Manitoba Government and General Employees' Union president Michelle Gawronsky publicly voiced concern over the future of Manitoba's public home-care system after it changed its name from Manitoba Home Care Program to Home Care Services in January.

That move drew criticism that it was a precursor for a move toward partial or full privatization of home care.

Ten days after a memo went out announcing the name change, the government released a December report on Manitoba's home care system.

The report outlined the growing costs associated with the public system, which costs the government over $300 million annually. With significant growth in the province's seniors population expected, the report by consultant Reg Toews said that figure could increase to $874 million by 2037.

The Filmon Tories famously tried to move toward public home care in 1997 and saw significant pushback. That attempt was ultimately dropped after a brief pilot project was launched.

Gawronsky described it has a failed experiment and said a for-profit model doesn't make care better for patients.

"If we are talking about about a public home-care system that's going to provide a service for everyone, that doesn't include making someone rich," she said.

Consolidation of regional health authorities

There are currently five regional health authorities in Manitoba: Winnipeg, Interlake-Eastern, Northern, Prairie Mountain Health and Southern Health.

Pallister has been known to borrow policies and ideas from our neighbours to the east in Saskatchewan.

Earlier this year, Saskatchewan announced it will reduce its 12 existing health regions to a single administrative entity by the fall. The government estimates the move will save $10 million to $20 million by 2018-19.

Every regional health authority has been given savings targets and told by the government it cannot run a deficit in 2017-18. The WRHA, the province's largest authority, was ordered to find $83 million in savings.

Federal health transfers down

The government led the provincial charge against a decrease by the federal government to federal health transfers. Although they were not slashed like under the Chrétien Liberals in the '90s, for the first time since 2004, health transfers only increased by three per cent as opposed to six.

Pallister has been silent on what this will mean for health-care spending in Manitoba and has so far refused to sign on to the national health accord.

"The reality is the health-care costs are going to rise, every single study has said so, and we need to have a national dialogue around how we deal with health-care support and funding," Pallister said in February.

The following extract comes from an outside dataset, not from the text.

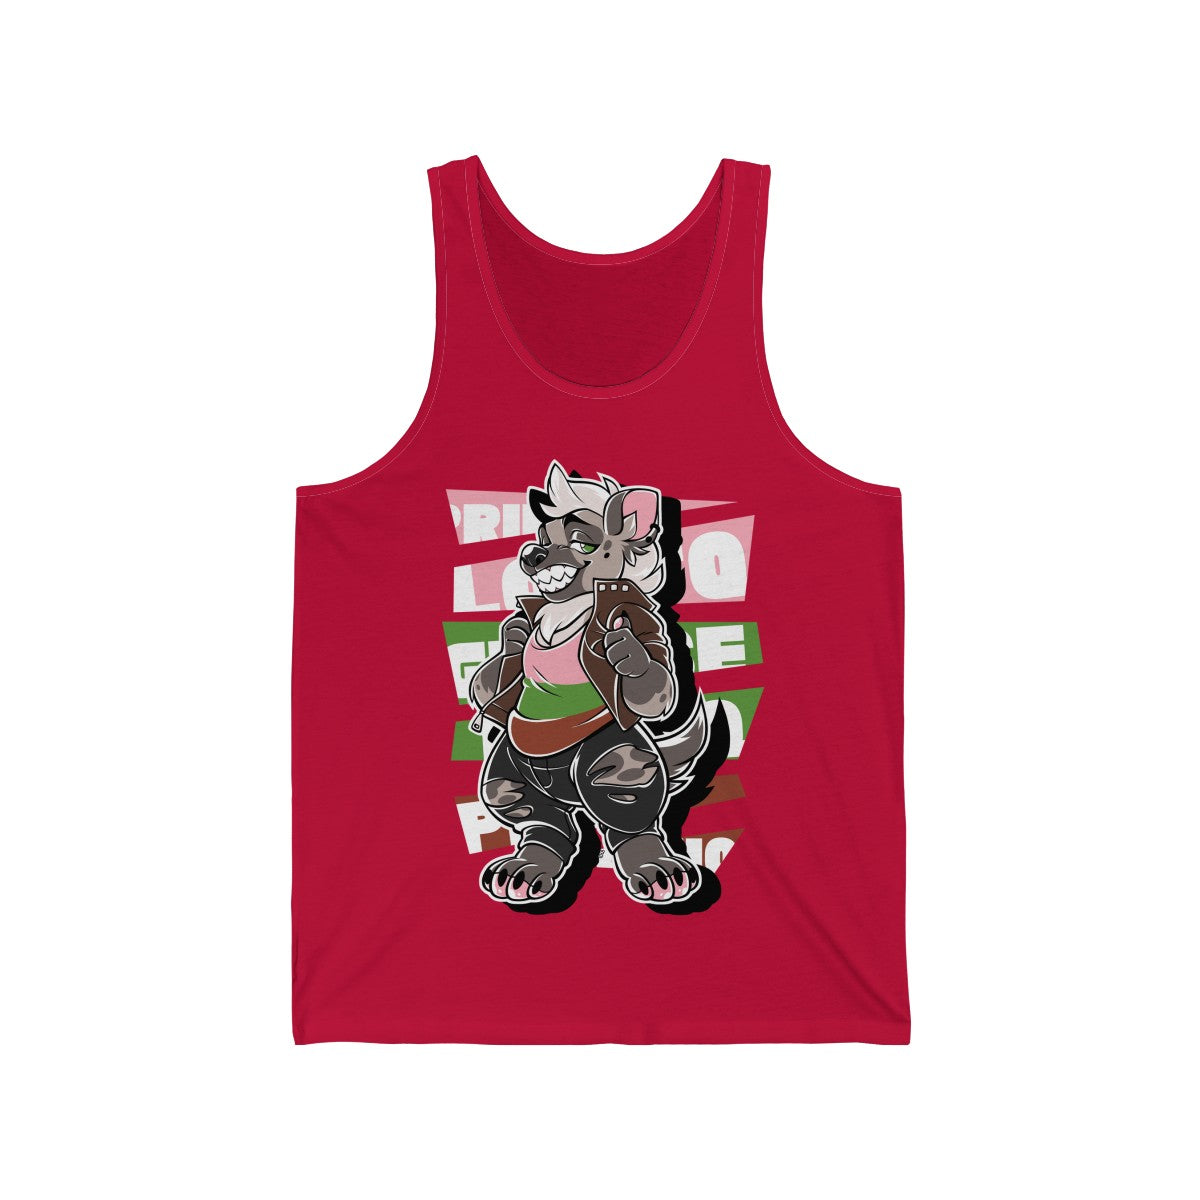 Gynosexual Pride Colt Hyena - Tank Top Tank Top Artworktee Red XS

'Need to find major efficiencies': U of M prof

Dr. Alex Singer, a primary care physician and assistant professor at the University of Manitoba, argues if the province wants to change the system, improve wait times and save money in the long run, it must focus on innovation, not cuts.

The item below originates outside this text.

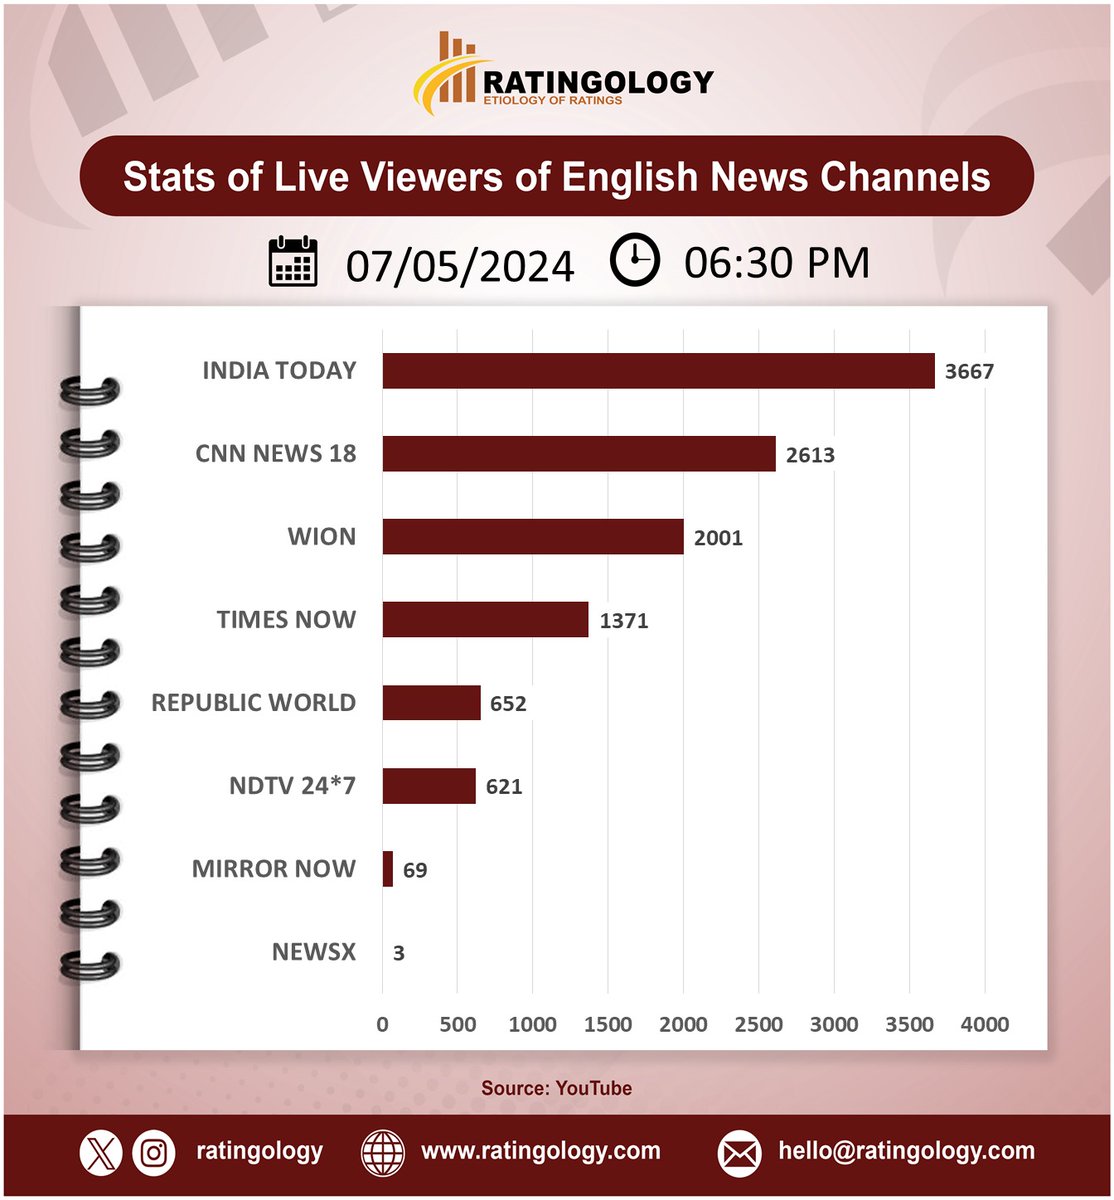 𝐒𝐭𝐚𝐭𝐬 𝐨𝐟 𝐥𝐢𝐯𝐞 𝐯𝐢𝐞𝐰𝐞𝐫𝐬 𝐨𝐧 #Youtube of #EnglishMedia #channelsat 06:30pm, Date: 07/May/2024 #Ratingology #Mediastats #RatingsKaBaap #DataScience #IndiaToday #Wion #RepublicTV #CNNNews18 #TimesNow #NewsX #NDTV24x7 #MirrorNow

"I think we really need to go down this road of innovation — to innovate our way into a more efficient health-care system, rather then go back to where we were in the bad old days of cut, cut cut, until everyone gets frustrated and services get affected," Singer said.

Singer pointed to a recent study by the Manitoba Centre for Health Policy which found that wait times in emergency rooms weren't necessarily caused by too many patients in the waiting room, but long waits for test results.

He said an upfront investment in better digital record-keeping, decreasing the number of unnecessary tests and creating better digital warnings for doctors conducting tests would pay off in spades.

For example, he said the Winnipeg Regional Health Authority saved hundreds of thousands of dollars by decreasing the number of vitamin D tests it administered by adding a simple prompt that showed doctors the reasons why a patient needed, or didn't need, the test.

"More is not always better," Singer said.

"In order to find major savings, you need to find major efficiencies."